-- Opening Marker --

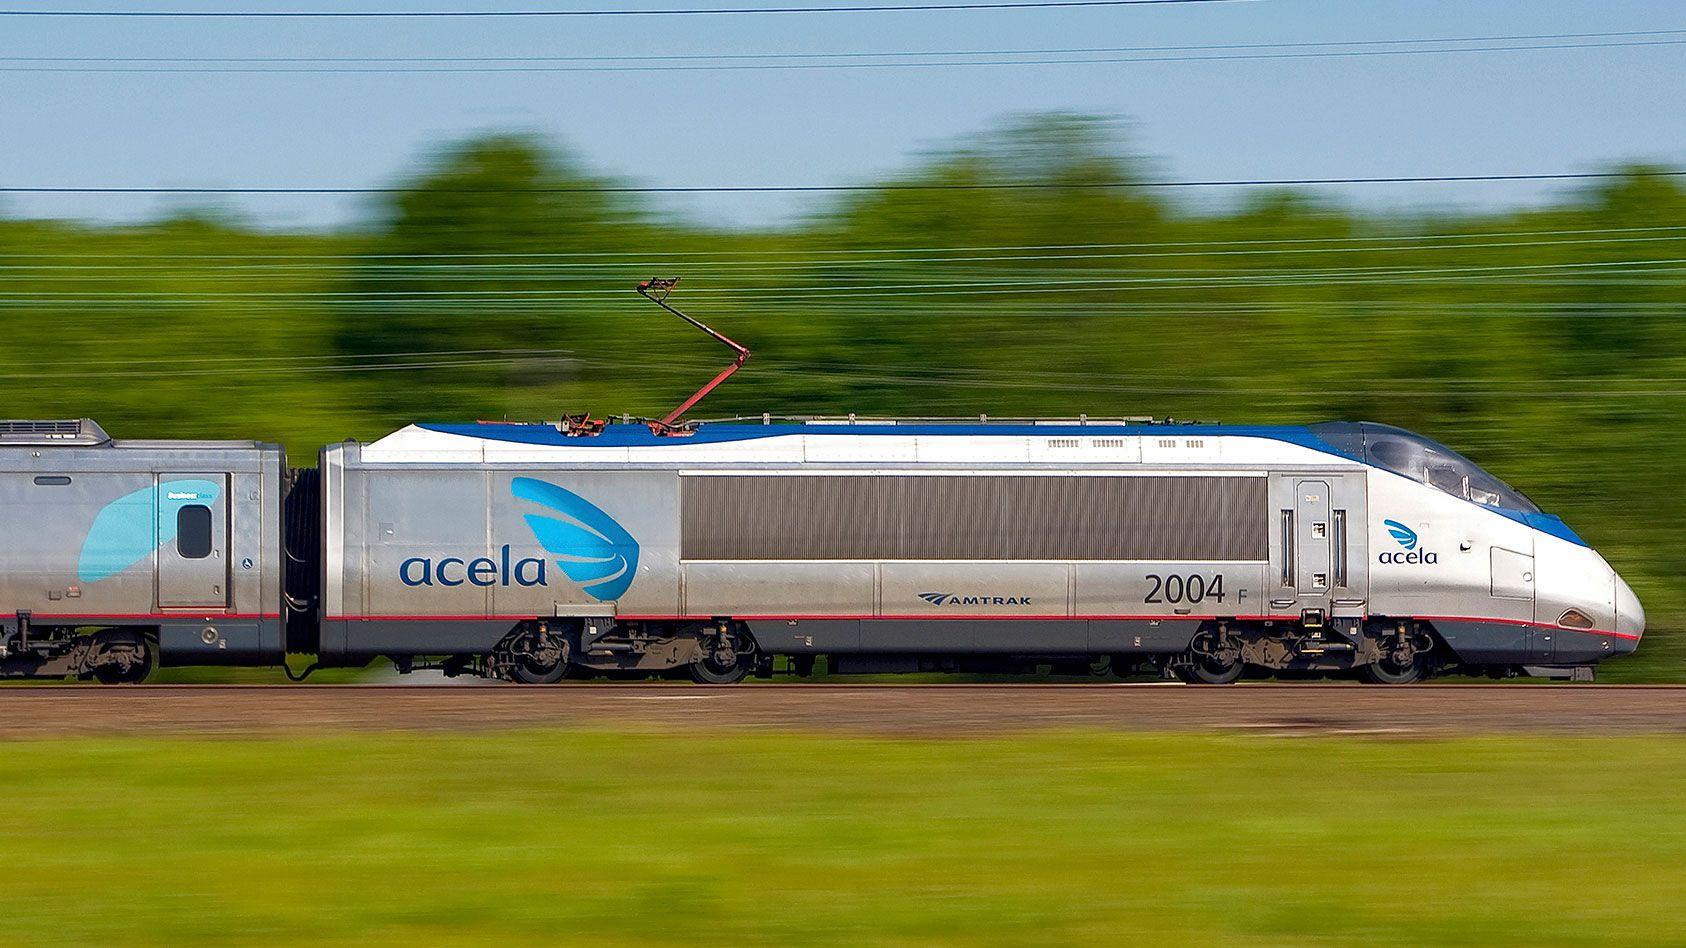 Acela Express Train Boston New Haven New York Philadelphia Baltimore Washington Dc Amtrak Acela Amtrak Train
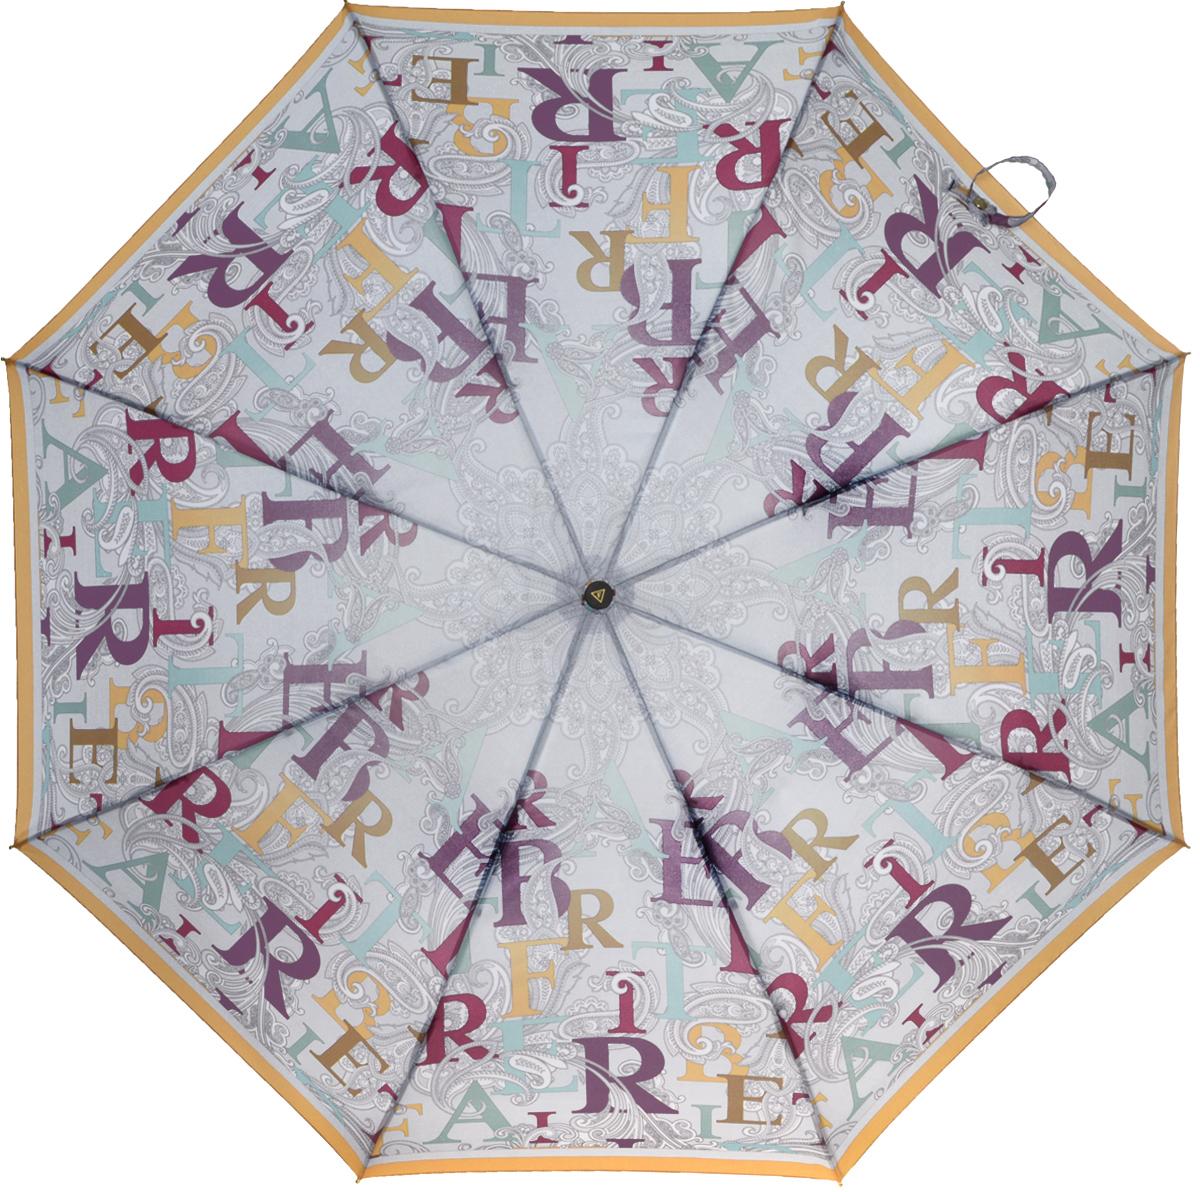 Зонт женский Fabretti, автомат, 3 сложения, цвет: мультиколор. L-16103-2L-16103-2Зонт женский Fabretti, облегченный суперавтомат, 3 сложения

-- Closing Marker --
-- Opening Marker --

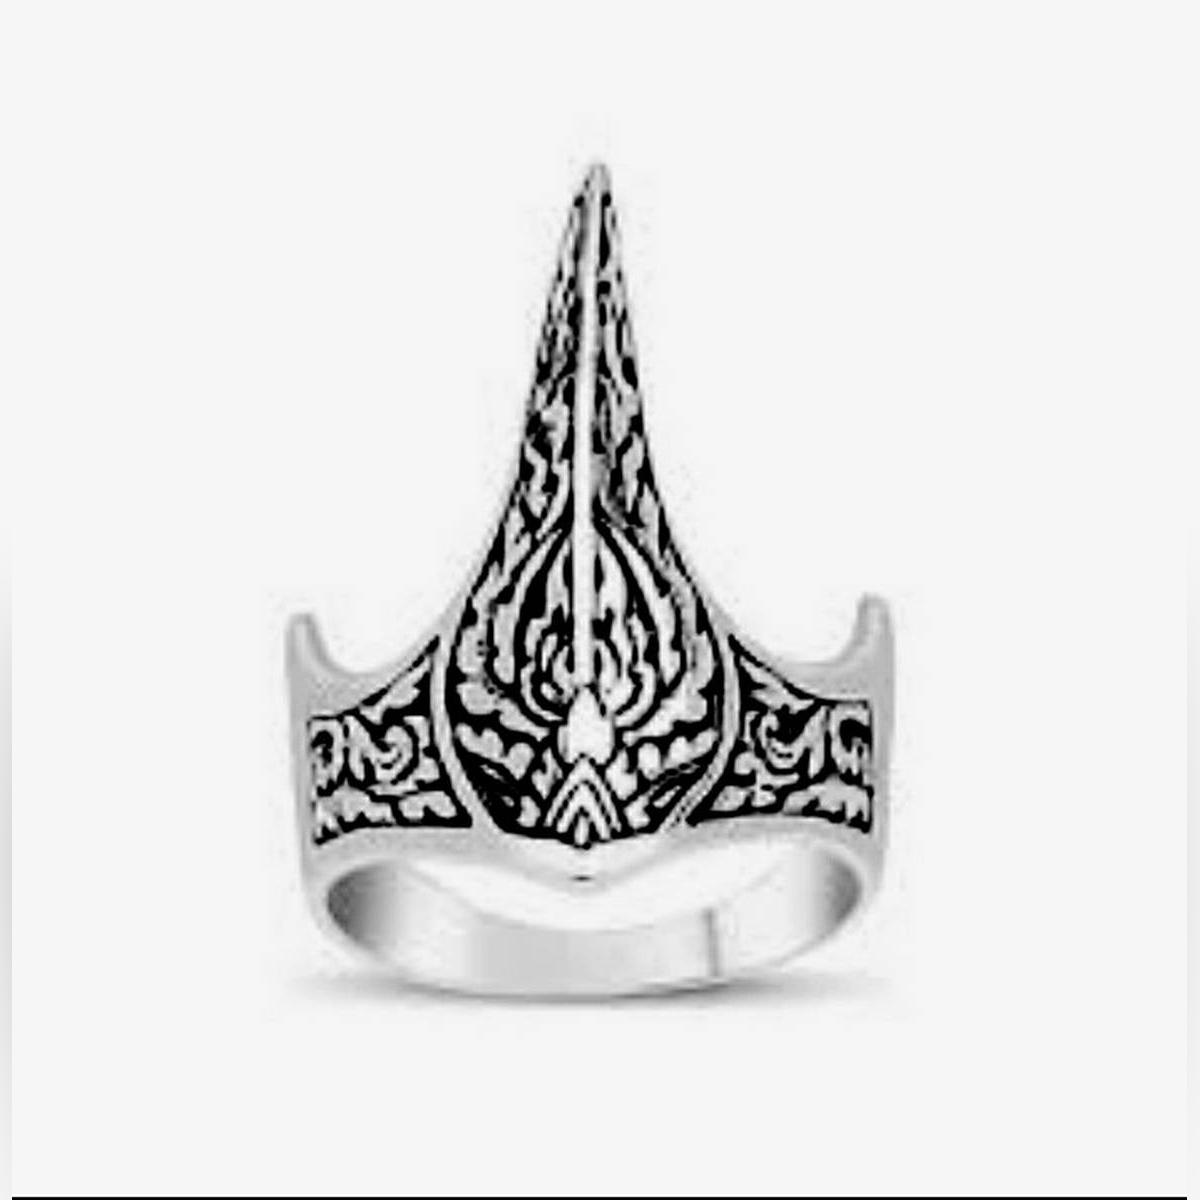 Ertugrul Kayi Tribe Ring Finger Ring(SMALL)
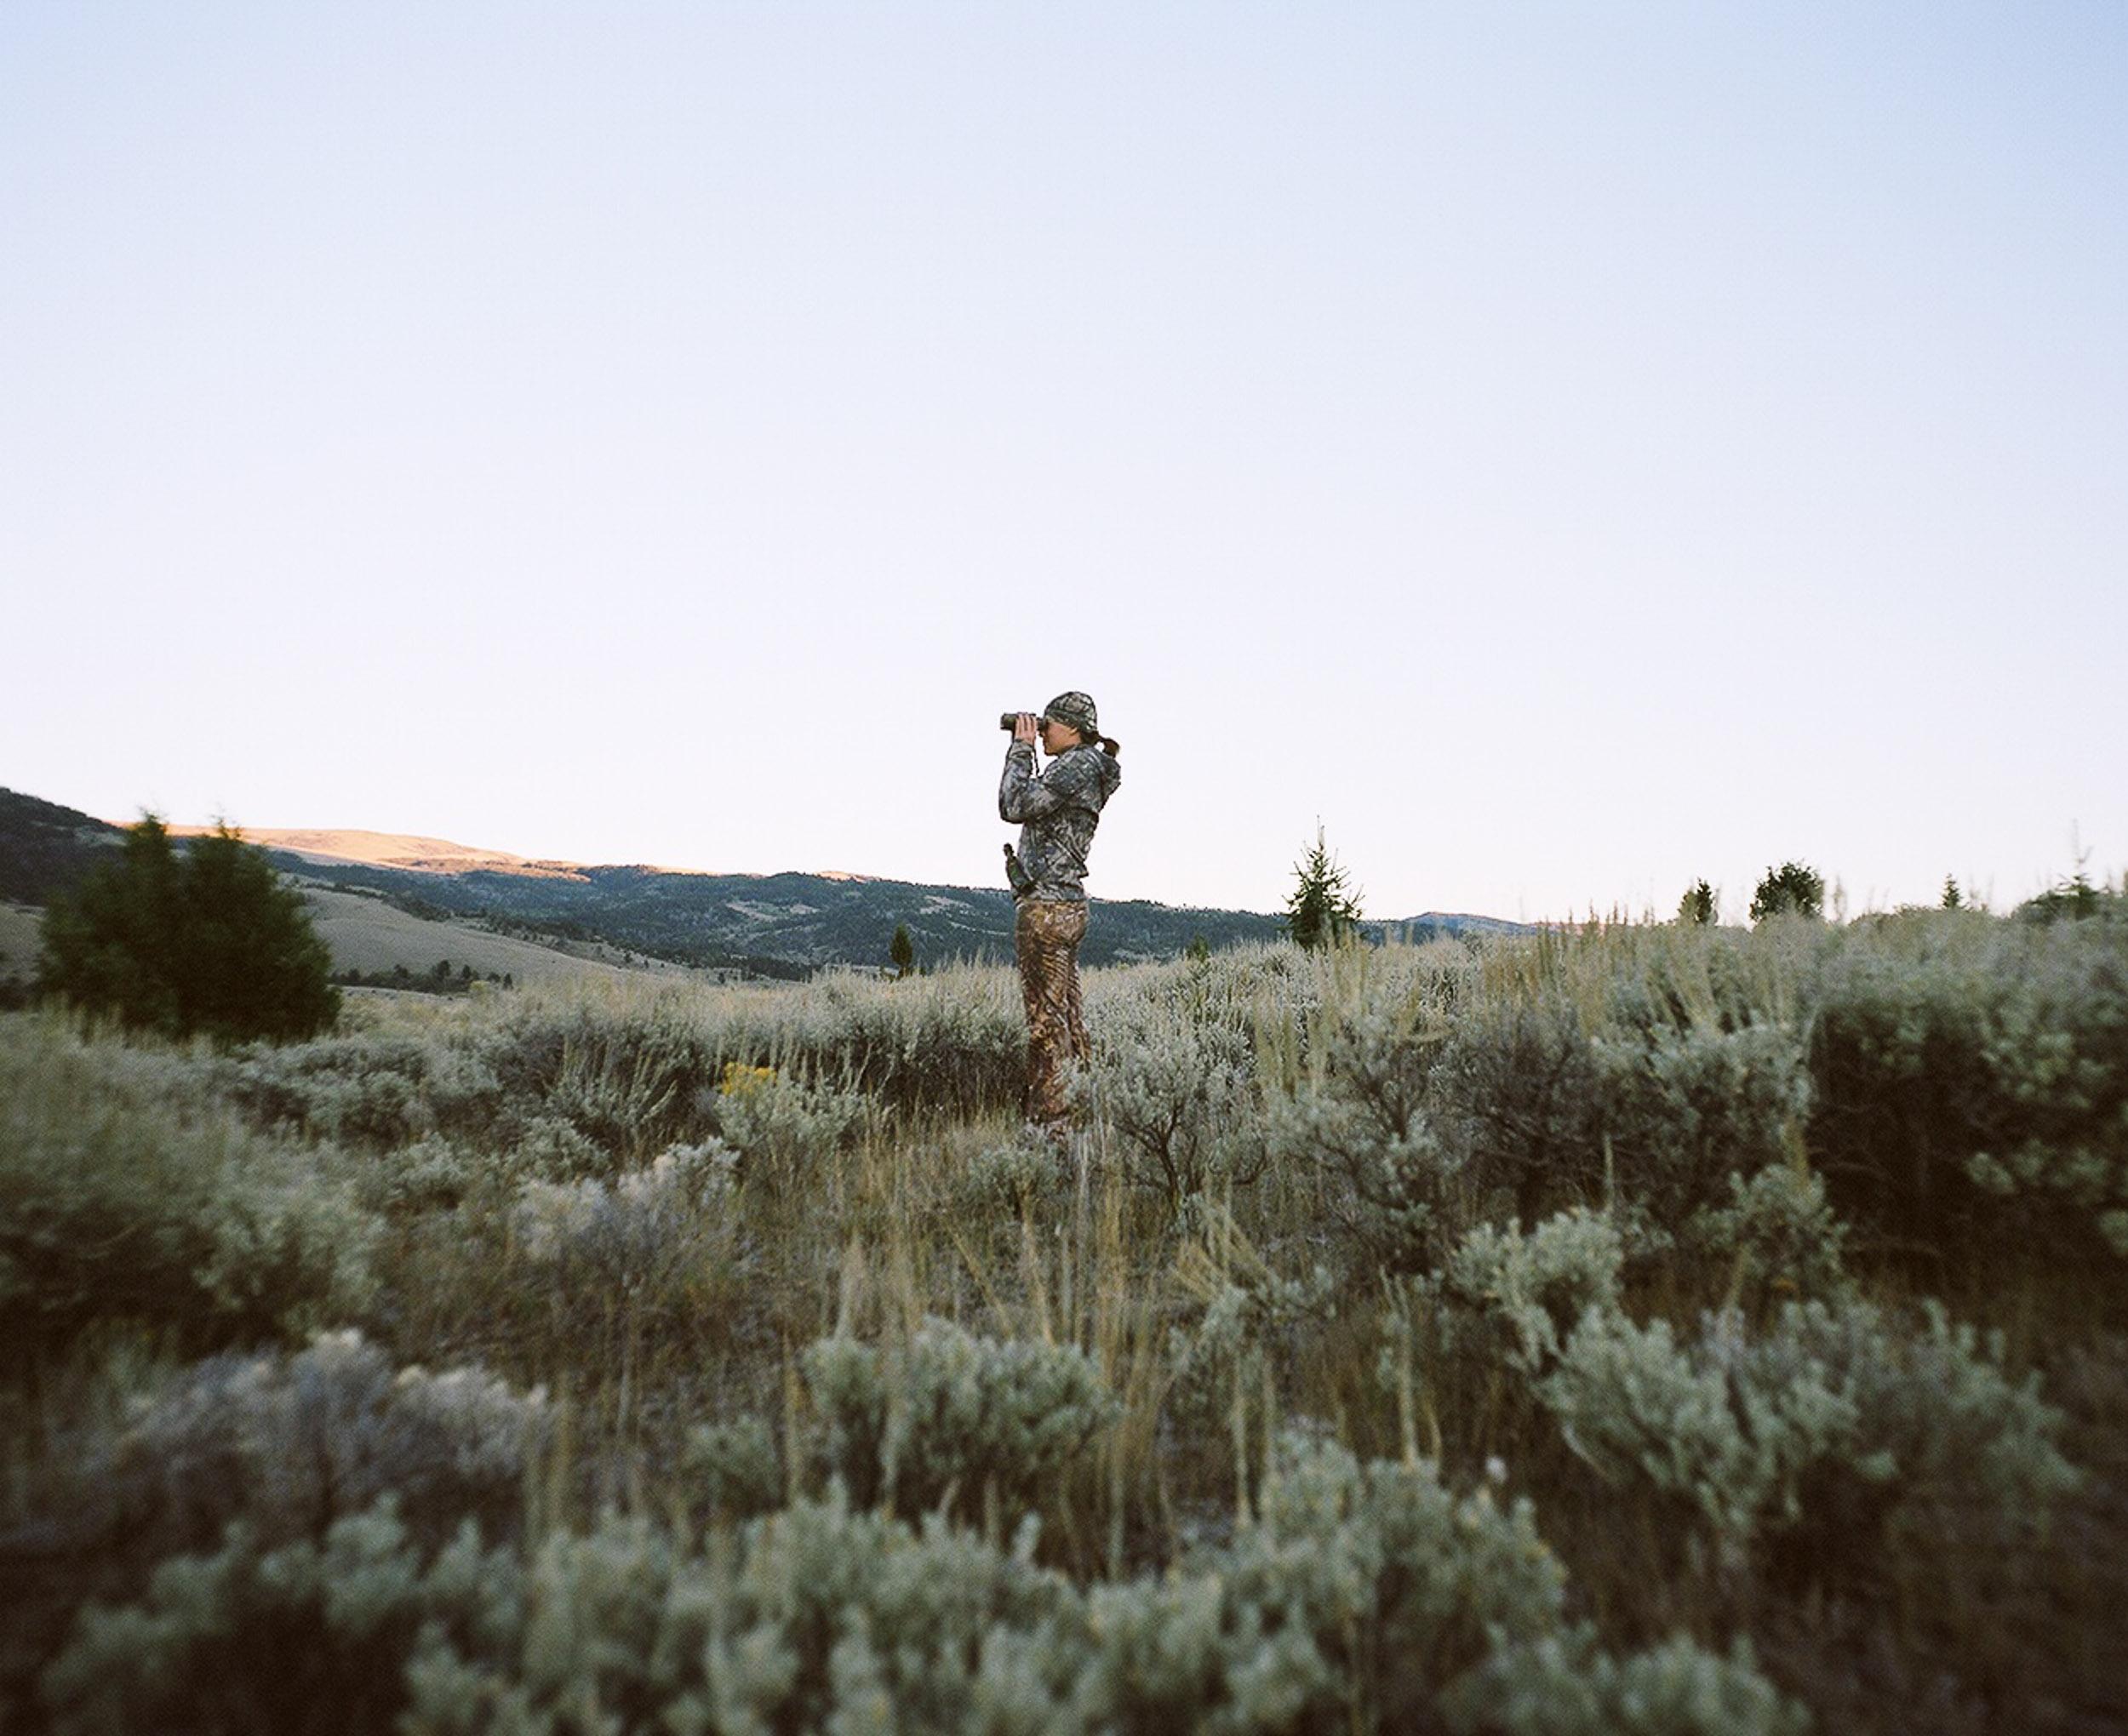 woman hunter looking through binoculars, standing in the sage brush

-- Closing Marker --

What is being asked
Using the entries above, extract exactly the lines from the one that contains "Ertugrul Kayi Tribe Ring Finger Ring(SMALL)" through the one that contains "woman hunter looking". Do not carry over any pictures.

Task answer
 Ertugrul Kayi Tribe Ring Finger Ring(SMALL)
 woman hunter looking through binoculars, standing in the sage brush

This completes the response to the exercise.